Go to the support website for your computer manufacturer and try downloading the driver for the audio/sound.

If you need more help, post back here with your computer make and model.


----------



## johnb35

Look in system devices to see if you have an item labeled as "Microsoft UAA bus driver for high definition audio".  If you don't then that needs to be installed first before your sound card driver can get installed.


----------



## the_dinesh

johnb35 said:


> Look in system devices to see if you have an item labeled as "Microsoft UAA bus driver for high definition audio".  If you don't then that needs to be installed first before your sound card driver can get installed.



dear sir, plz be more specific where to search fot that "Microsoft UAA bus driver for high definition audio". and how to install it?

thanxxxxxxxxxxx.


----------



## kimsland

the_dinesh said:


> dear sir, plz be more specific where to search fot that



Yes here you go 


voyagerfan99 said:


> If you need more help, post back here with your computer make and model.


----------



## the_dinesh

kimsland said:


> Yes here you go



Motherboard - Intel 945
CPU - 3.2Ghz Intel
Memory - 2GB DDR2 (2x 1gb)
Hard Drives - 250GB Seagate
DVD Drive - Lite-On
DVD Burner - Lite-On
Power Supply - 550w
Display- 19" Samsung


Dats all i know.


----------



## kimsland

There is an excellent thread HERE 
Regarding a _similar_ fault

The Fix was to do these things:
Update all MS Security Updates and Service Packs
Update: "Universal Audio Architecture" from MS HERE 
Remove any "Filter Class" drivers from Device Manager (Start>Run> devmgmt.msc) Note: in this case it was the "_Logitech media class filter_"
Then download and install the latest audio driver from your Manufacture support page

I hope that helps, please let us know


----------



## johnb35

the_dinesh said:


> dear sir, plz be more specific where to search fot that "Microsoft UAA bus driver for high definition audio". and how to install it?
> 
> thanxxxxxxxxxxx.



Look in device manager under system devices to see if you have that item listed.


----------



## the_dinesh

johnb35 said:


> Look in device manager under system devices to see if you have that item listed.



yes sir, i found that in system device, it is installed. now what sud i do?


----------



## johnb35

Well, you either have a bad motherboard for the onboard sound or the download for the driver is corrupt.  What about buying a separate PCI soundcard?


----------



## KrisM

What operating system are you using, and at what SP level?


----------



## voyagerfan99

KrisM said:


> What operating system are you using, and at what SP level?



Please don't dig up old threads.
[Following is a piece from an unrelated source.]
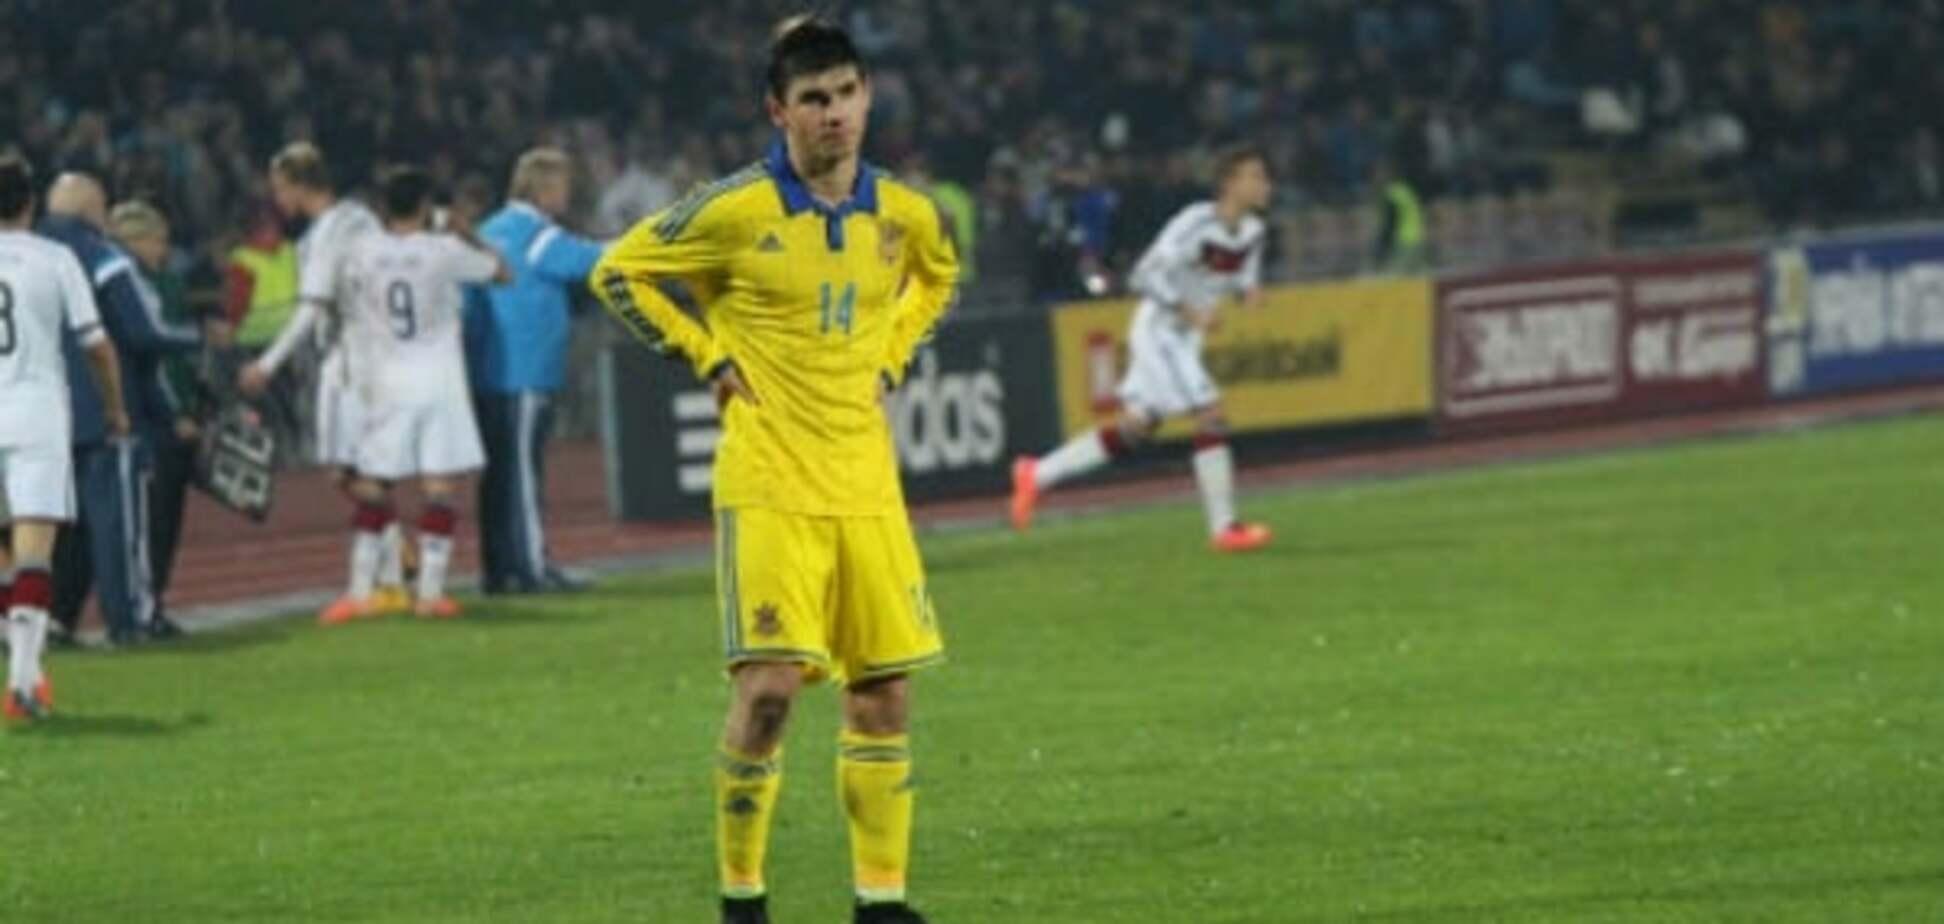 Прощавай, Євро-2016: лікарі поставили невтішний діагноз футболісту збірної України

The OP hasn't posted here in over two weeks.

Thanks


----------



## kimsland

OP never stated thread was resolved
2 weeks is not that long (although I never do this) But member KrisM may have some more specific support to give

The reply is ok


----------



## KrisM

K  :d


 - wouldn't know until I knew opsys.  I've used everything since 3.11 - but that in itself doesn't mean anything


----------